### PROMPT
Please restate the data below word for word, omitting all images.

### PROVIDED MATERIAL
BEGIN

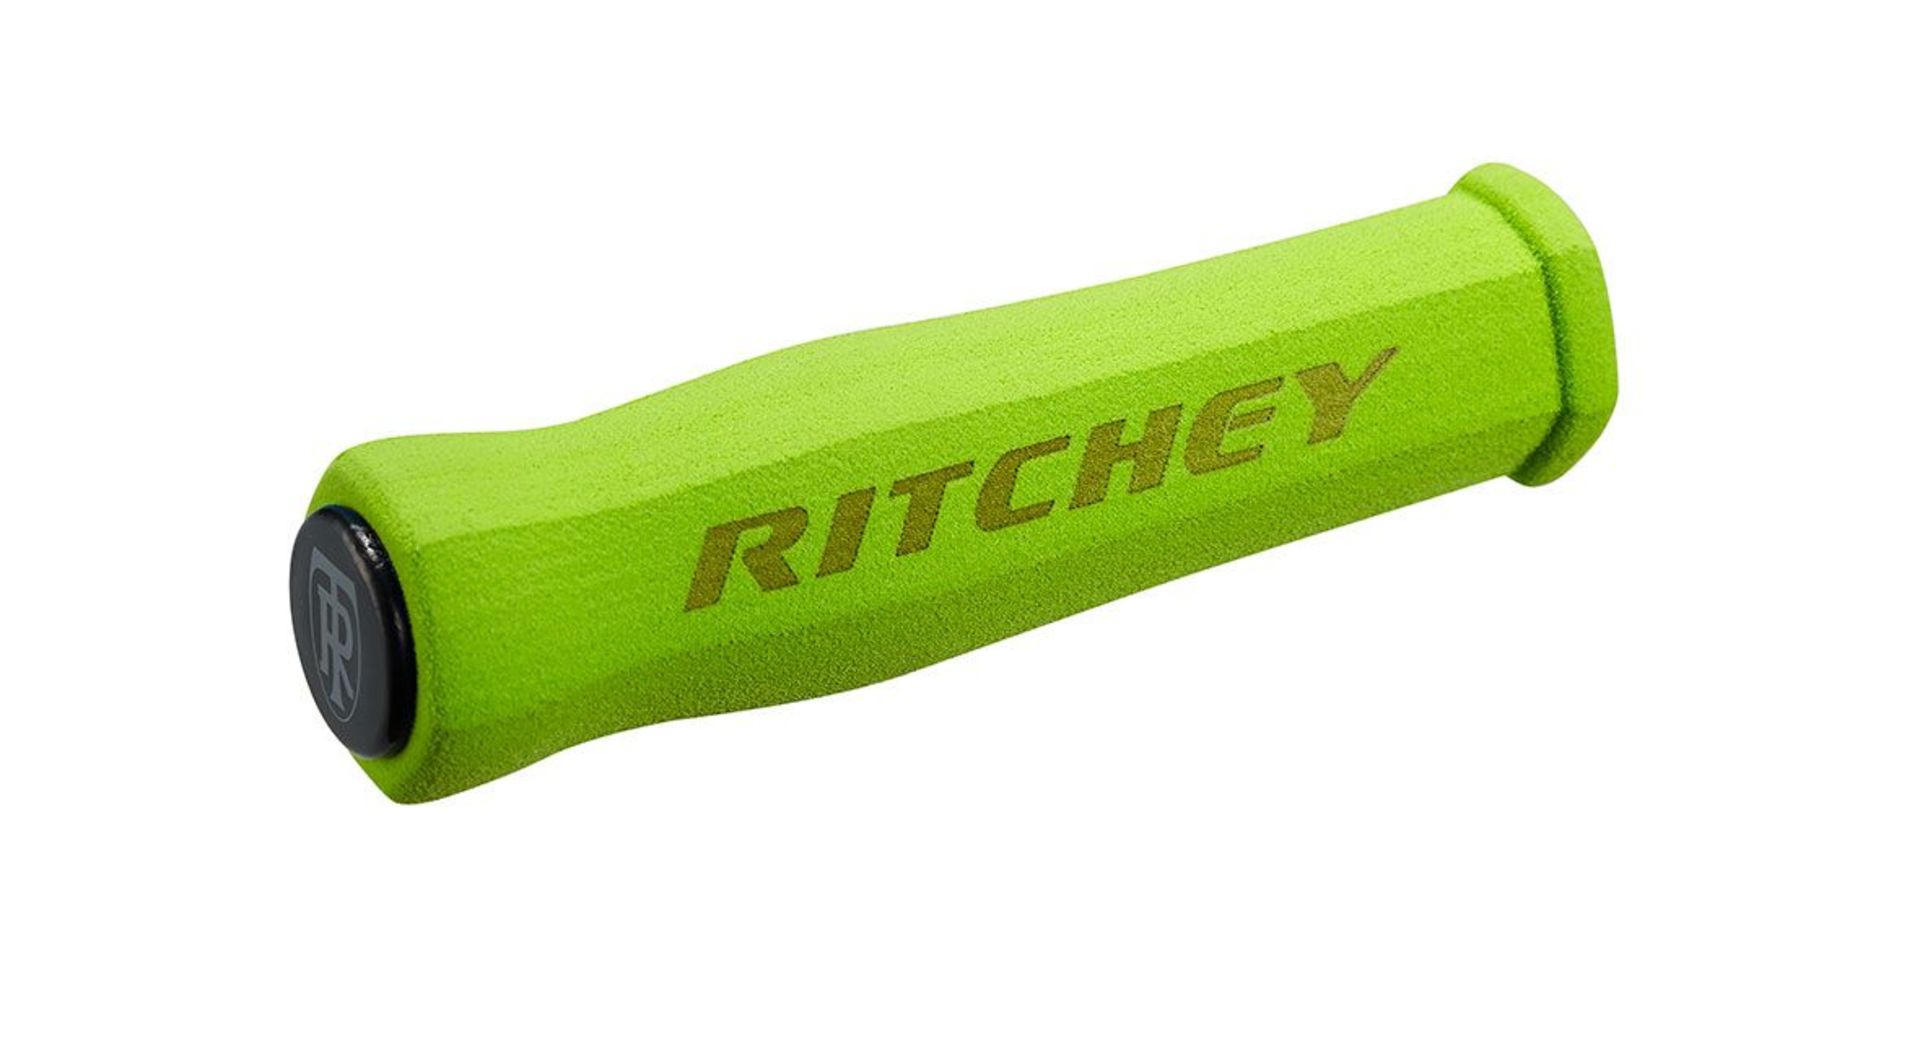 Ritchey WCS Truegrip Handvatten 130/31.2-34.5mm Groen
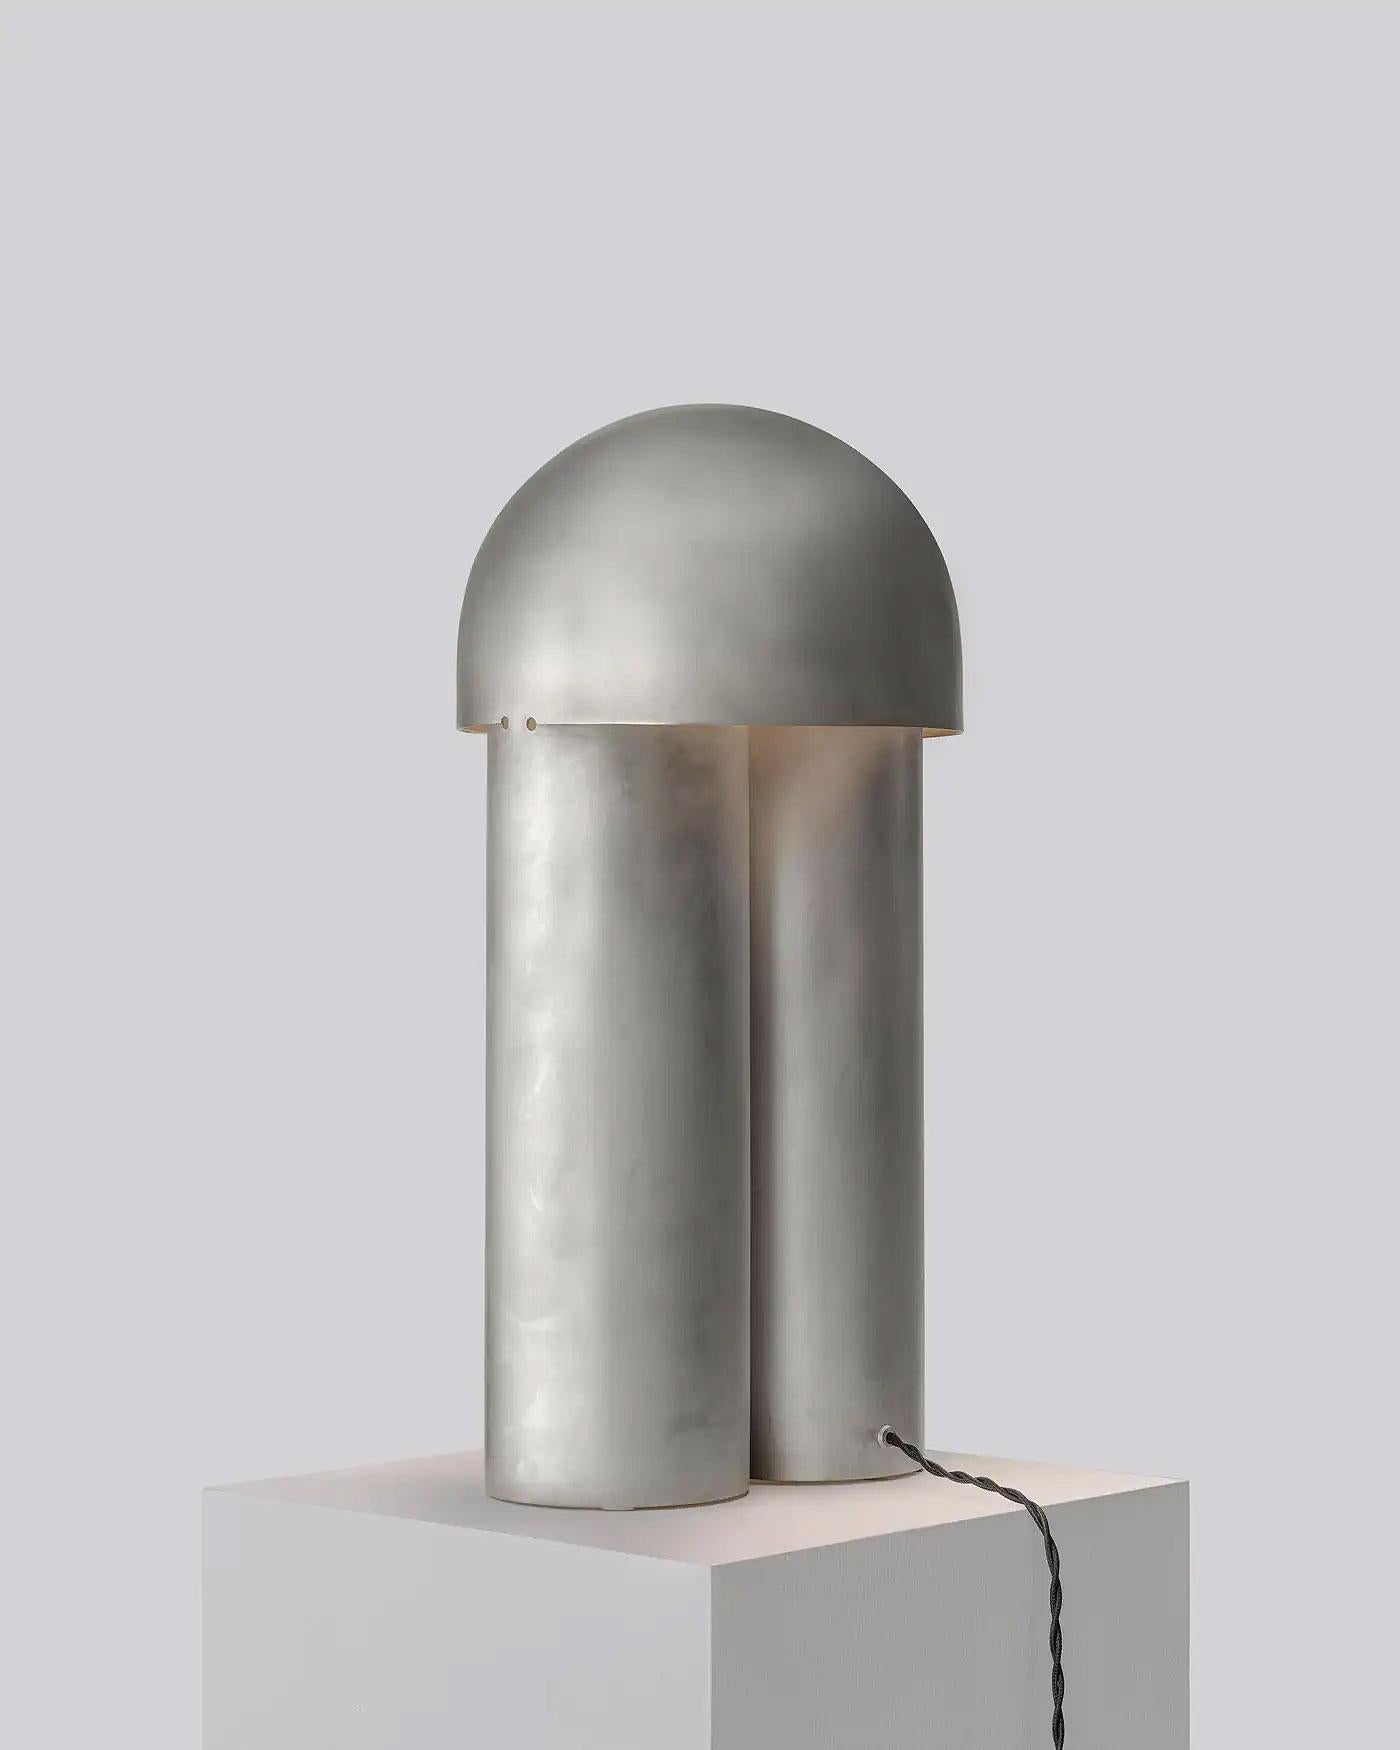 Lampe de table contemporaine sculptée en laiton argenté, Monolith Large by Paul Matter

La lampe Monolith est un exercice de réduction. Sculptées à partir d'un seul corps à l'aide de simples partitions et de plis, la géométrie des lampes, la texture

END

### ANSWER
 Ritchey WCS Truegrip Handvatten 130/31.2-34.5mm Groen
 Lampe de table contemporaine sculptée en laiton argenté, Monolith Large by Paul Matter

La lampe Monolith est un exercice de réduction. Sculptées à partir d'un seul corps à l'aide de simples partitions et de plis, la géométrie des lampes, la texture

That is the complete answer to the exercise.